This is a CLI based dictionary app.
This was created during my time as a student at Build@Mercari 2020 Week3.
cd src
python3 app.py [backend] [filename]
[backend]
hash
list
trie
[filename]
words.txt
For example
python3 app.py hash words.txt
- exact mach search
- suggest similar words when word does not exist in dictionary
- prefix search
- insert
- update
- delete
- load from file
- save to file
- non ascii words support
Three dictionary implementations
I used abstracted base class for dictionary and defined well designed APIs.
I implemented dictionary in three ways using following data structures.

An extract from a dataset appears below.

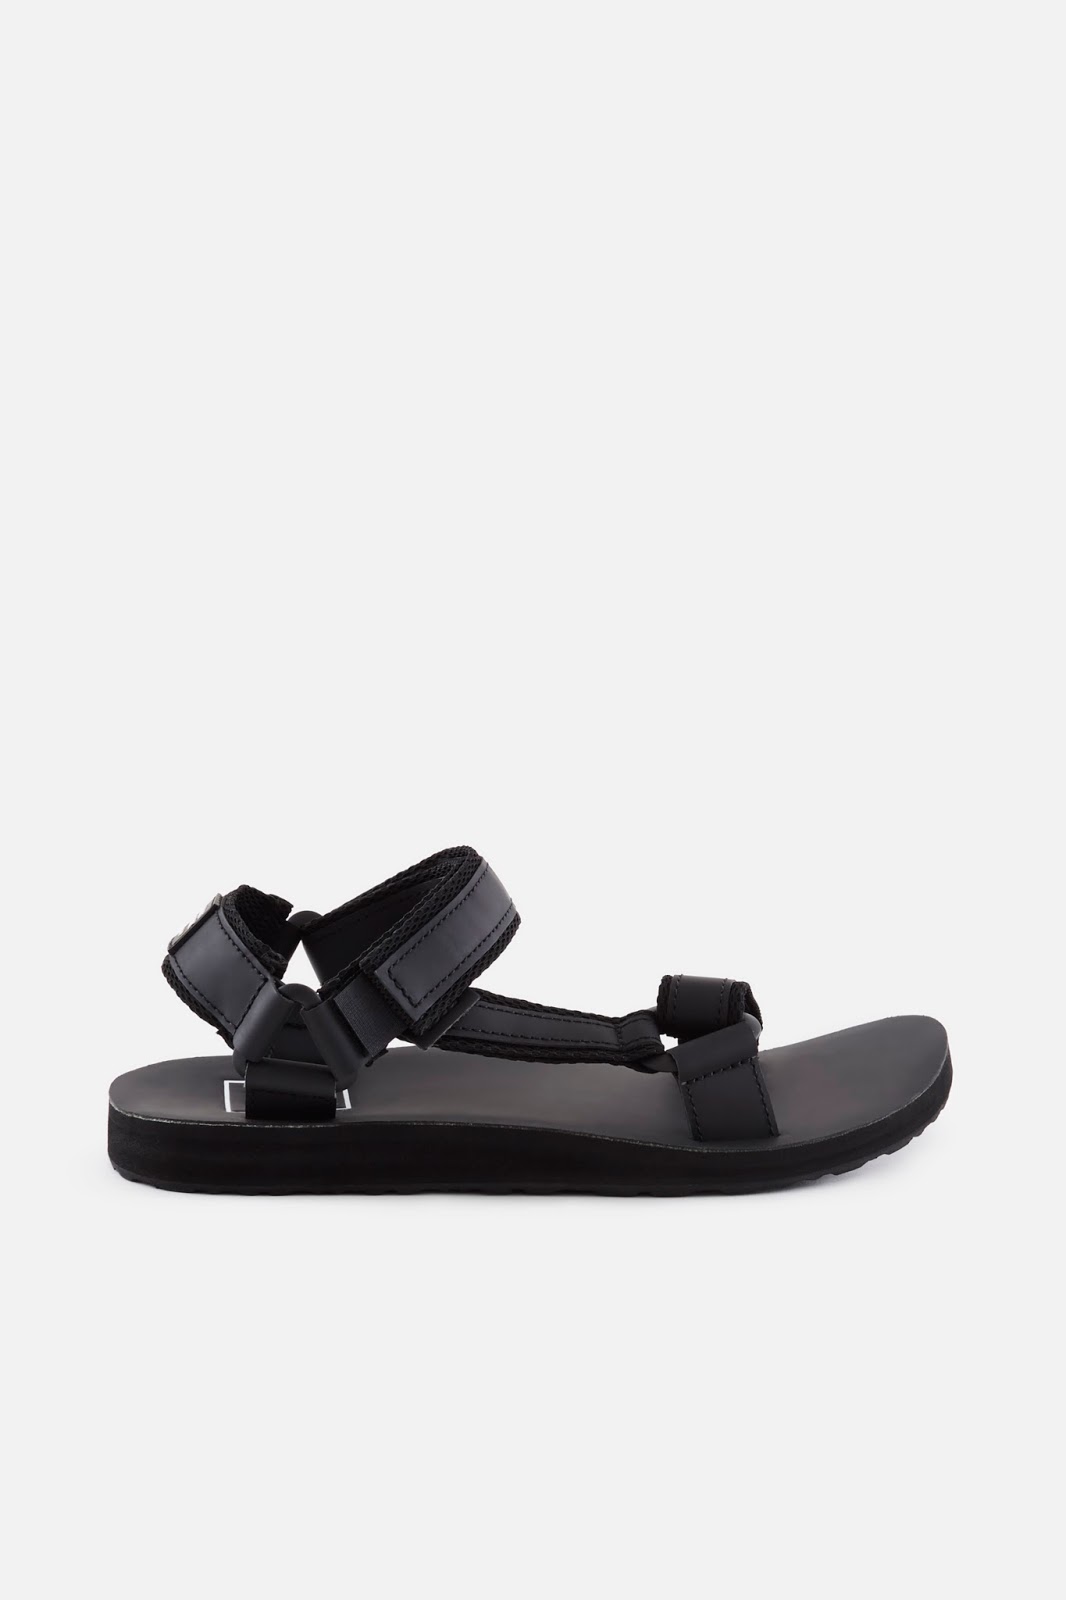 From Out of Town to Downtown: Teva X Opening Ceremony Universal Sandals ...

• Hash Table(dict in python)
• List
• Trie Tree
I provided well covering testcases and reuse them between all the implementations.
Awesome CLI
• Accept arguments when start CLI
• Usefull help command
Word suggestion
When the word users try to find does not exist in the dictionary, CLI shows similar words in the dictionary.

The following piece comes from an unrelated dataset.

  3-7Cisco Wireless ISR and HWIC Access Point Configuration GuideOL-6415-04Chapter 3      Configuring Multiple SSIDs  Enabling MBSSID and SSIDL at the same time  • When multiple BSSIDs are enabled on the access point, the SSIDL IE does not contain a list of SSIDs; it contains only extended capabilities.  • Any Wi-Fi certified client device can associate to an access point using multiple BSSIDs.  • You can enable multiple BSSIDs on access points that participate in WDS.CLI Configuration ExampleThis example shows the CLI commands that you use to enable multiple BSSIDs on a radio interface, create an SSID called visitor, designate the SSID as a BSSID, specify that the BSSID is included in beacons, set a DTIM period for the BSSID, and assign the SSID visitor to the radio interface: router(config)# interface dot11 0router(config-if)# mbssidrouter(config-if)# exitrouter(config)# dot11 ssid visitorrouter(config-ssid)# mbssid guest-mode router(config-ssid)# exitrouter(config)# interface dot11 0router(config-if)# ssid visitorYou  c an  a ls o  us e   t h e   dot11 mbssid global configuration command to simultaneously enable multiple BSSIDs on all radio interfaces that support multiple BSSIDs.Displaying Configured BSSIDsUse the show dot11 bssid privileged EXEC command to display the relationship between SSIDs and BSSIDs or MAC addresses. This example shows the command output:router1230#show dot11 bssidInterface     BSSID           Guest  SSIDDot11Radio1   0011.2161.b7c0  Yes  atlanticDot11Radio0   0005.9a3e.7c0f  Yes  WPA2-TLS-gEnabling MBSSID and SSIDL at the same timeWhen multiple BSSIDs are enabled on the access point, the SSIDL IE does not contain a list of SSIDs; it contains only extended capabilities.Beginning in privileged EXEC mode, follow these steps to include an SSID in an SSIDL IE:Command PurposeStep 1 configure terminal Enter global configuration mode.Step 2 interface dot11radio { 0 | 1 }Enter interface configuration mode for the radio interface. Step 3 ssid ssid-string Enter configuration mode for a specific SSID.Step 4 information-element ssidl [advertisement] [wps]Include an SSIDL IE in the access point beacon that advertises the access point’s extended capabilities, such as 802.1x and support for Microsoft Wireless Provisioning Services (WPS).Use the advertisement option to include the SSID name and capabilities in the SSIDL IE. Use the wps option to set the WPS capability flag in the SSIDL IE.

For example, when user tried to find "aple", CLI show the message "Did you mean: able, ale, ample, ape, apple".
I implemented this feature using edit distance algorithm.
This is my first time 👻
I supported three backend implementations (List, Trie Tree, and Hash).
In this section, I will compare these implementations.
Hash | List | Trie Tree | |
---|---|---|---|
load | O(n) | O(n * n) | O(n * l) |
find | O(1) | O(n) | O(l) |
insert | O(1)* | O(n) | O(l) |
delete | O(1)* | Worst:O(n+m) | O(l) |
update | O(1) | O(n) | O(l) |
m = number of descriptions for target word
n = number of records
l = len(word)
*In general O(1) but if we we support prefix search, Comptation Complexity is O(l)
To verify above Comptation Complexity analysis, I conducted benchmark.
In this benchmark, I disabled prefix search feature in HashDictionary.
(In this measurement, I used random words which length is 10.)
As you forcus on gradient, ListDictionary is very steep slope.
TrieDictionary is steeper than HashDictionary.
(In this measurement, I used random words which length is 10.)
As for ListDictionary, when number of records increase, time to find also increase a lot.
In contrast, time to find of HashDictionary and TrieDicationry does not change much.
(In this measurement, I used 5000 record)
As you can see, time to load/find of TrieDictionary increases when word length got Increase.
In contrast, time to load/find of HashDictionary and ListDicationry is constant.
From the benchmark List looks not appropriate implementation.
Because of that, in this section I will compare Hash and Trie Tree.
Discussion is limited to my implementation.
There are many more effecient implementation. (e.g. LOUDS)
Pros.
- Compitation complexity of APIs(e.g. find) doesn't depend on number of dictionary and word length.
- Hash is prepared in programing language such as dict of Python.
Cons.
- Some features are difficult to implement. (e.g. using dictionary's order)
Pros.
- Compitation complexity of APIs(e.g. find) doesn't depend on number of dictionary.
- We can implement functions using dictionary order in Trie Tree, which is difficult to implement in Hash.
Cons.
- Compitation complexity of APIs(e.g. find) depend on word length.
- when word length is long, memory usage tends to be wasted.